Some of them went back to their assigned positions in the structure after it was all over, but some did not. In consequence, from the official lodging of the Queen of Barkut, the all-encircling palace looked ragged. Here an art gallery was exposed to the blazing sunshine. There the more intimate arrangements of the djinn monarch's seraglio were in plain view. And the dusty, thinly grassed meadow within the palace looked like a country fairground on opening day. Some thousands of djinn milled about, in all the diverse shapes and forms their personal preferences dictated. Some talked. Some argued. A few—even at such a moment—made such romantic overtures to other members of the race of opposite gender as might have been expected. But on the whole, the several-thousand-odd djinn gathered beyond the Queen's vegetable gardens were there to see Tony.

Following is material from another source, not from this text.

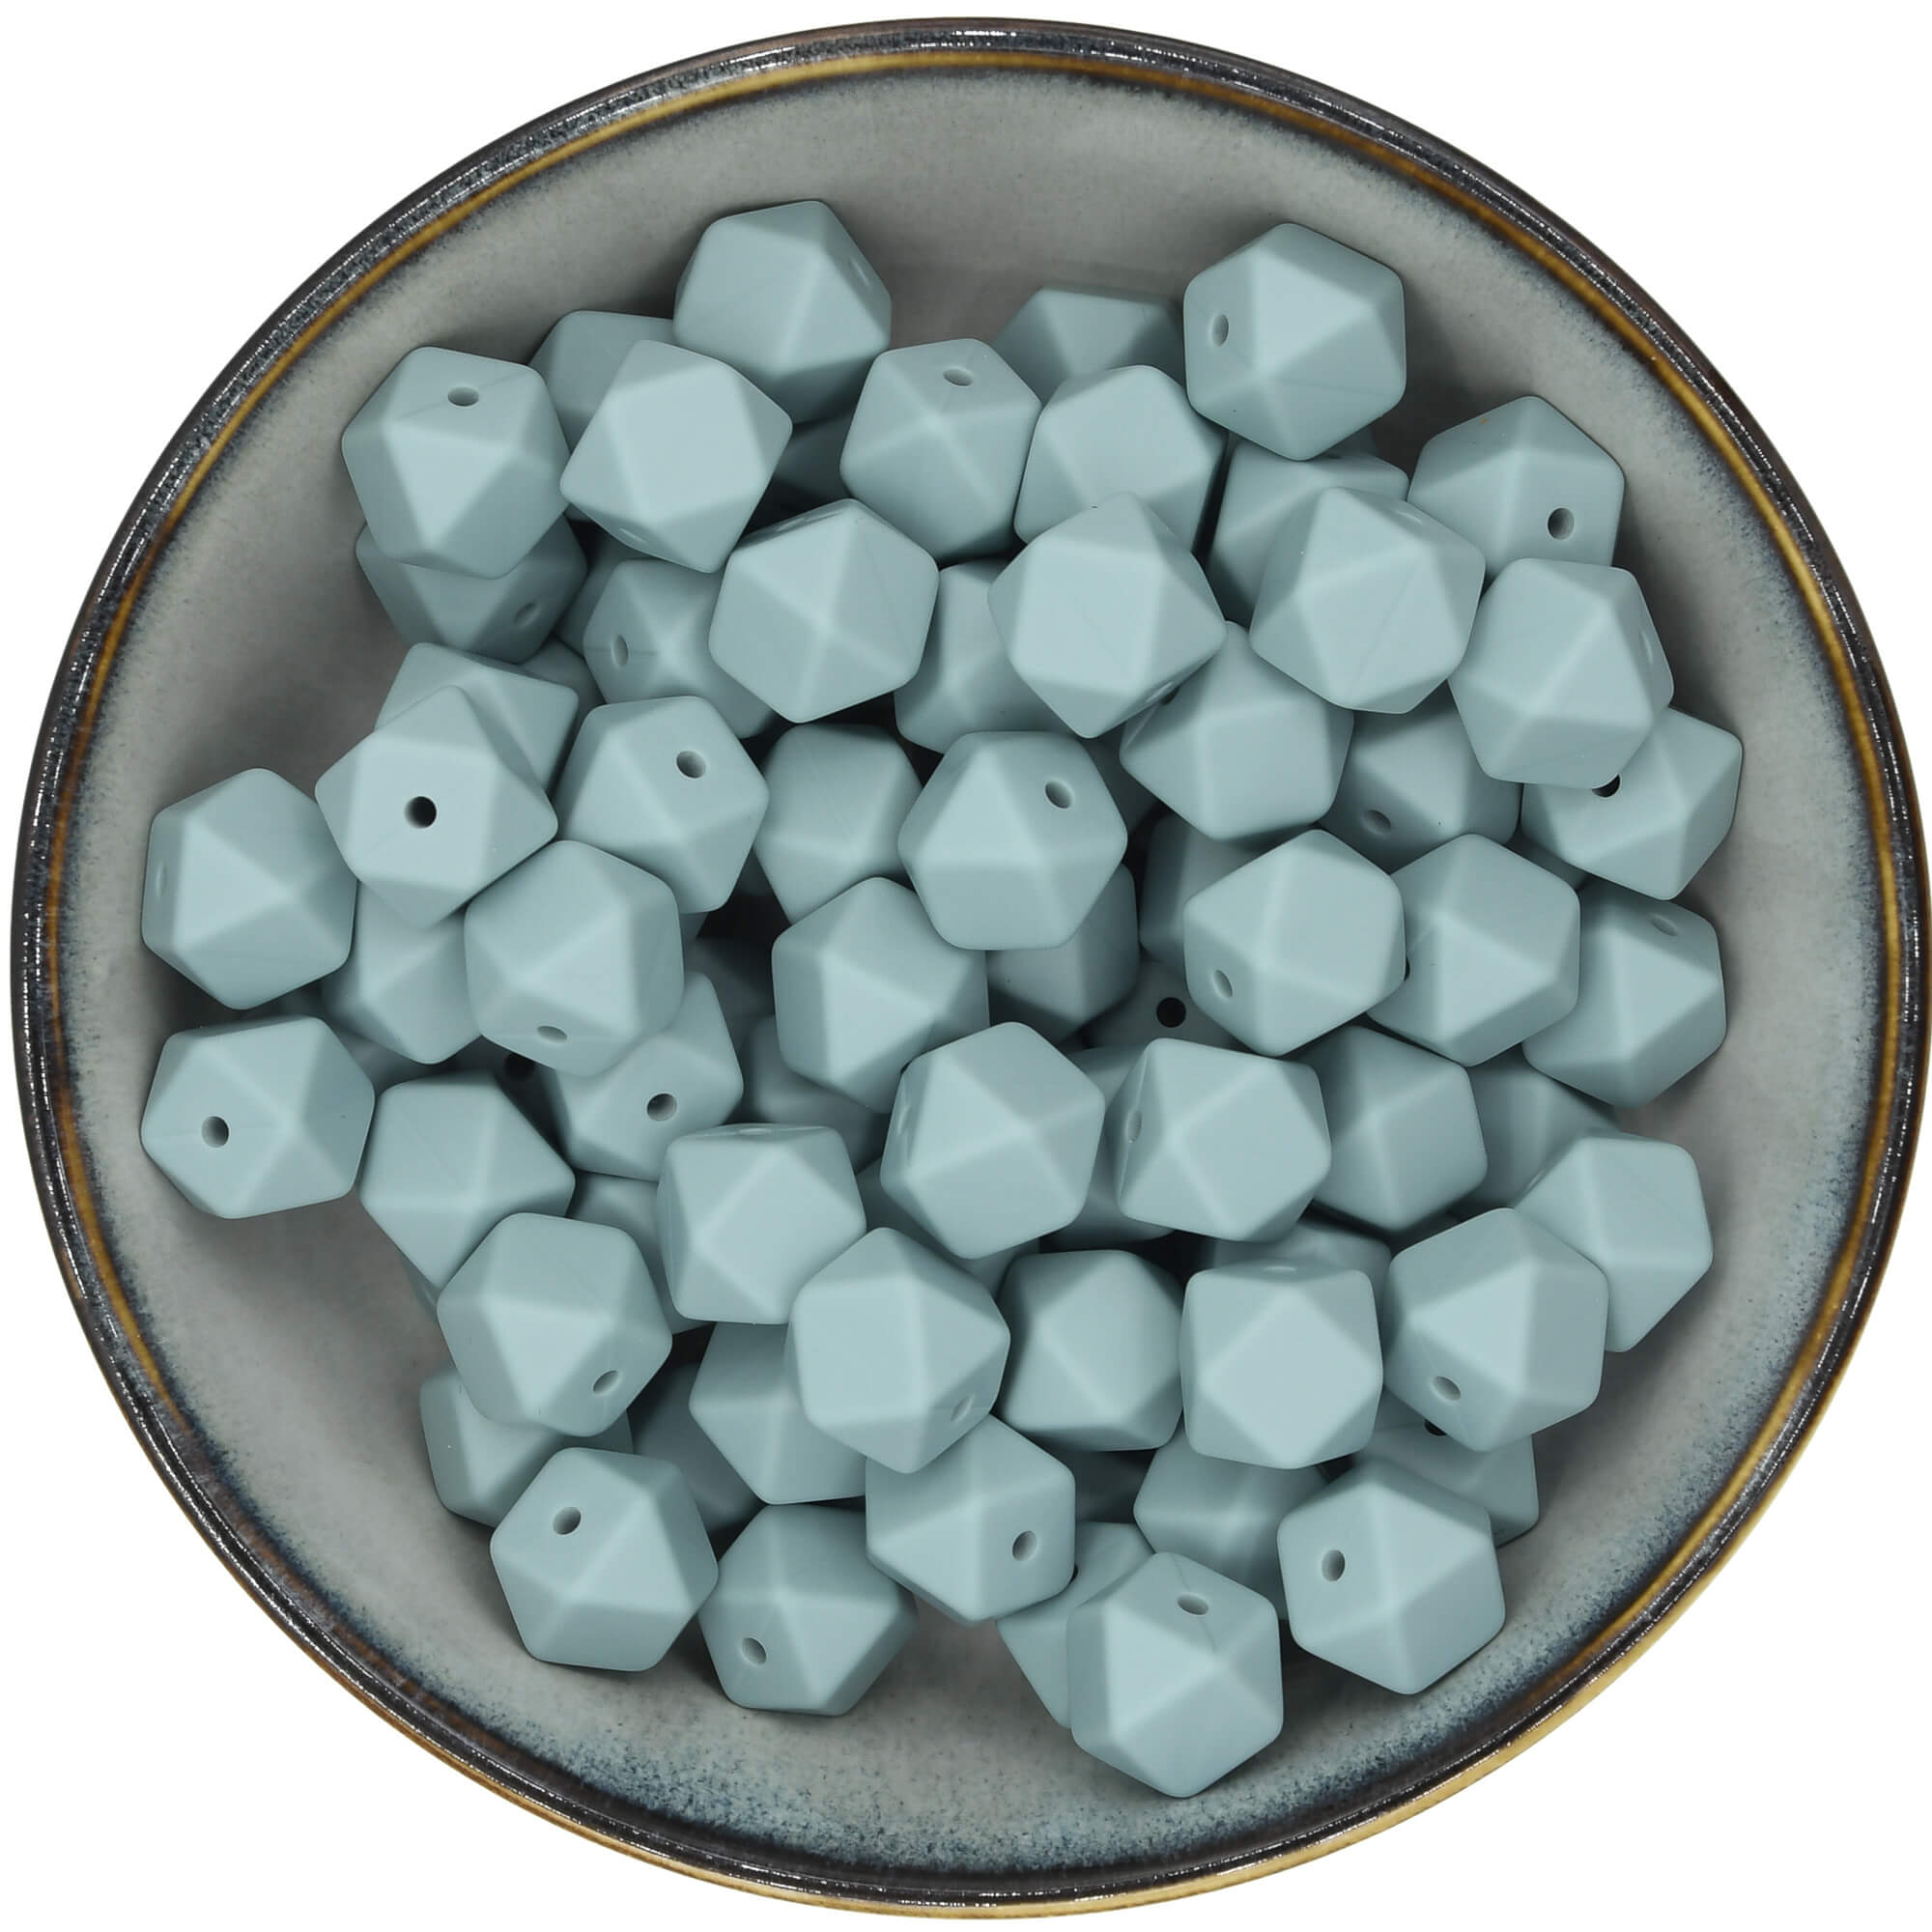 Siliconen mini-hexagons van 14 mm in de kleur Grijsblauw

He made his report to the Queen, drinking coffee in her cottage. Ghail moved about, ostensibly assisting the Queen in serving him, but actually listening avidly and looking at him from time to time with widely varying expressions.
"The devil of it is," said Tony querulously, "that instead of making me unpopular, killing Es-Souk seems to have made me something of a hero!"
The Queen nodded.
"They're like children," she said sagely. "Just like children—or apes. Much like horses, too. Djinns are great fun! They make lovely pets when you understand them!"